Она задумалась, глядя на луну и на крыши противоположных домов, и полной грудью вдыхала теплый воздух летней ночи. Ее стройная высокая фигура, уютно сидящая на подоконнике, была ярко освещена лунным светом, и две длинные косы, перекинутые через плечи на грудь, свешивались двумя черными линиями до самого пояса. 

— Читали вы, — прервал я наконец молчание, — последние стихотворения Ришпена? 

— Нет. 

— Вот он воспевает поэзию городов. Для меня, выросшего в деревне, она стала понятна только после его стихотворений. До них я не мог ее представить. Город казался мне только пыльным и тесным, улицы, как овраги. Я часто думал: если население будет очень густо, то вся земная поверхность обратится в сплошной город, и лучшие наслаждения, доставляемые нам природою, утратятся. А вот он нашел истинную поэзию в утреннем пробуждении городских улиц, в рынках, в толпе, идущей по ним, и я впервые понял, что в душе человека, выросшего в городе, все это будет так же окружено поэзией, как для нас лес, луга, реки и полевые цветы. Значит, вы правы, говоря, что человеческая душа во всем найдет источник для чувства счастья. 

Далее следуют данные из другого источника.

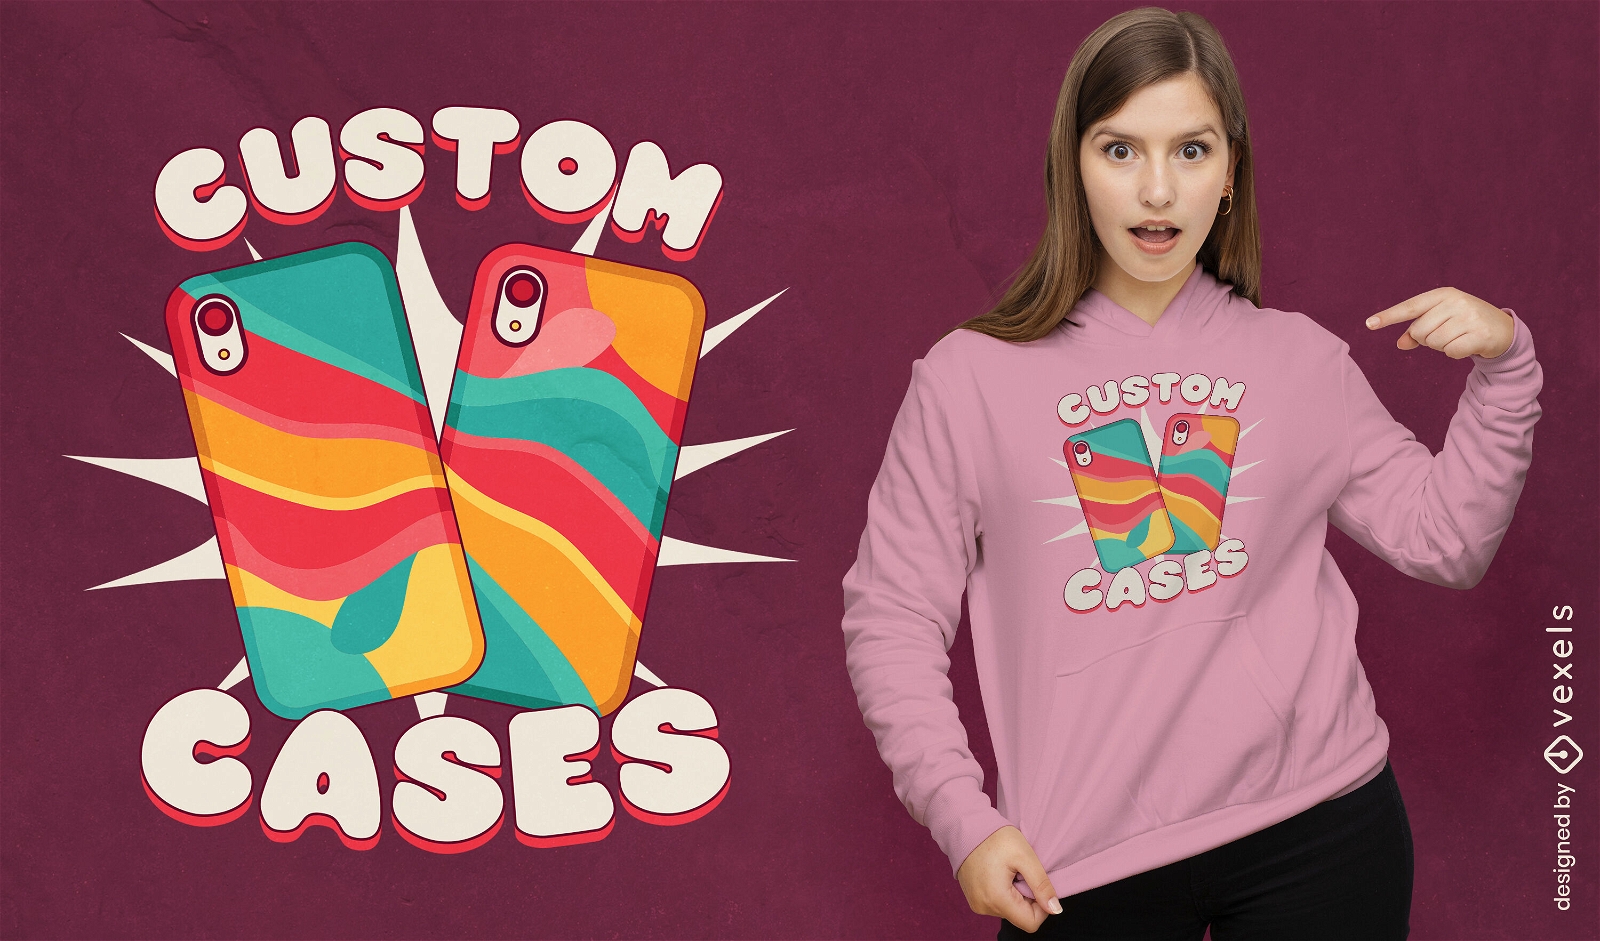 Custom cases t-shirt design

Она, улыбнувшись, хотела мне что-то ласково ответить, но, взглянув вниз под окно, воскликнула: 

— Вот спешит Саблин! Верно, что-нибудь случилось. Так поздно!

Я тоже взглянул вниз и увидел его крепкую фигуру, быстро вошедшую в подъезд, и через несколько минут он явился к нам в комнату. 

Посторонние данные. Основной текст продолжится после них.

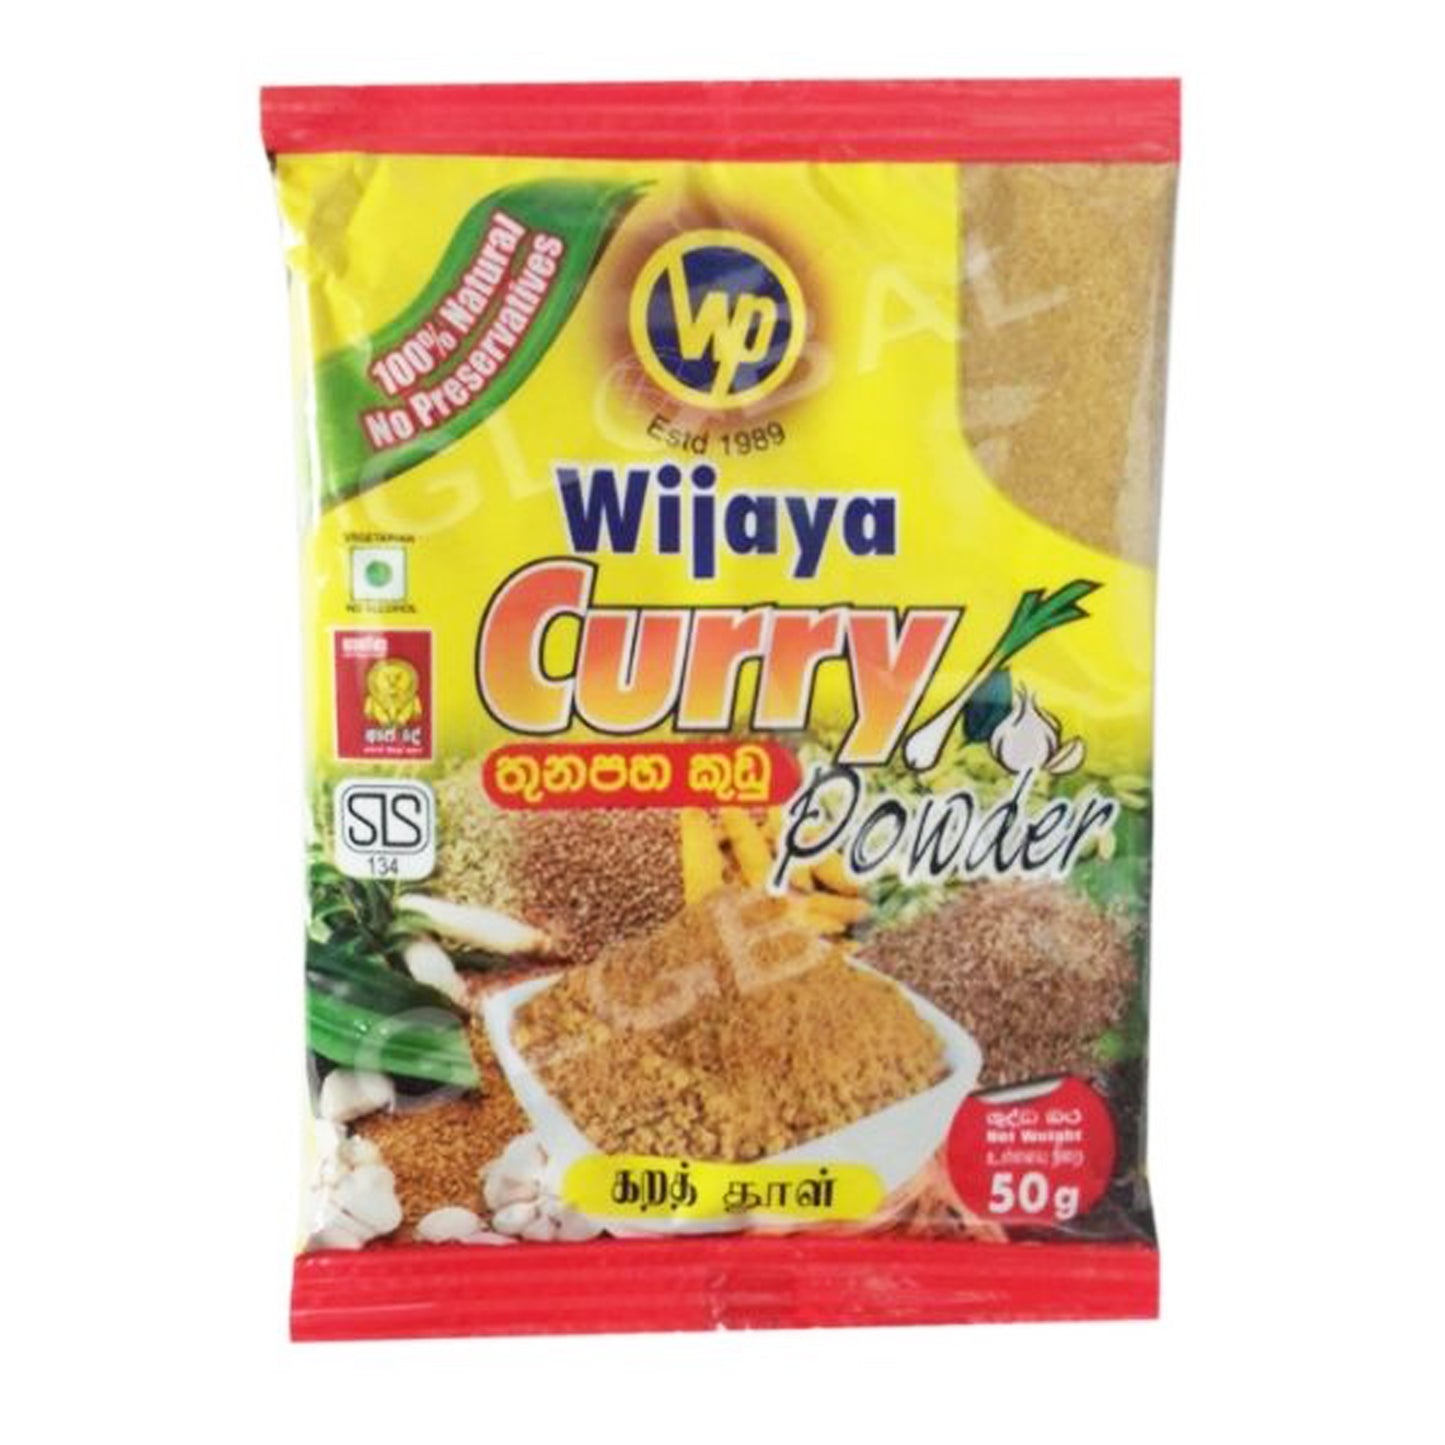 Wijaya Curry Powder (50g)

— Телеграмма из Петербурга и очень неприятная! 

Он вынул ее из кармана и подал Алексеевой. «На Алексееву подано ко взысканию», — прочла она. 

Мы все понимали, что это значит... чей-то донос... 

— Кто бы это мог послать мне предупреждение? — спросила Алексеева, когда первое ощущение внезапной опасности прошло. 

— Отправлено было на имя Лебедевой, а кто послал, неизвестно. 

— Кто-то знал, что через Лебедеву дойдет! Значит, свой, — ответила она. 

— И, значит, сегодня же ночью вас арестуют, — сказал Саблин. 

— Надо вам уйти с квартиры сейчас же с нами, — заметил я ей. 

— Но я не могу уйти, — сказала Алексеева так же печально, как и две недели назад, когда она уже была под домашним арестом в Потапове, — у меня дети. 

И она кивнула на соседнюю комнату, где спали вместе со своей нянею ее маленький сын и дочка. 

Мы некоторое время молча сидели, и я все более и более убеждался в справедливости существовавшего в нашей среде мнения, что личная жизнь и личная любовь не для тех, кто обрек себя на гибель во имя освобождения своей родины. 

— Но вам надо уходить! Скорее, скорее! — воскликнула она наконец, обращаясь к нам. — Каждую минуту жандармы могут появиться у подъезда, и тогда будет поздно!

Мы долго не решались покинуть ее одну в такой опасности. Тоскливо и темно стало у меня, бывшего счастливца, на душе, да и у Саблина, очевидно, не легче. Она встала и начала нас гнать. 

— Если не придут сегодня, или если все обойдется благополучно, — сказал я ей, подчиняясь ее решению, — то поставьте этот подсвечник со свечой на правой стороне окна. 

И я показал ей, куда поставить. 

Так мои конспиративные наклонности впервые проявились здесь. 

— А до тех пор пусть он стоит на столе! — окончил я. — Завтра утром я приду. У вас ничего нет унести? 

— Ничего, ничего! — воскликнула она нетерпеливо. — Да уходите же скорее!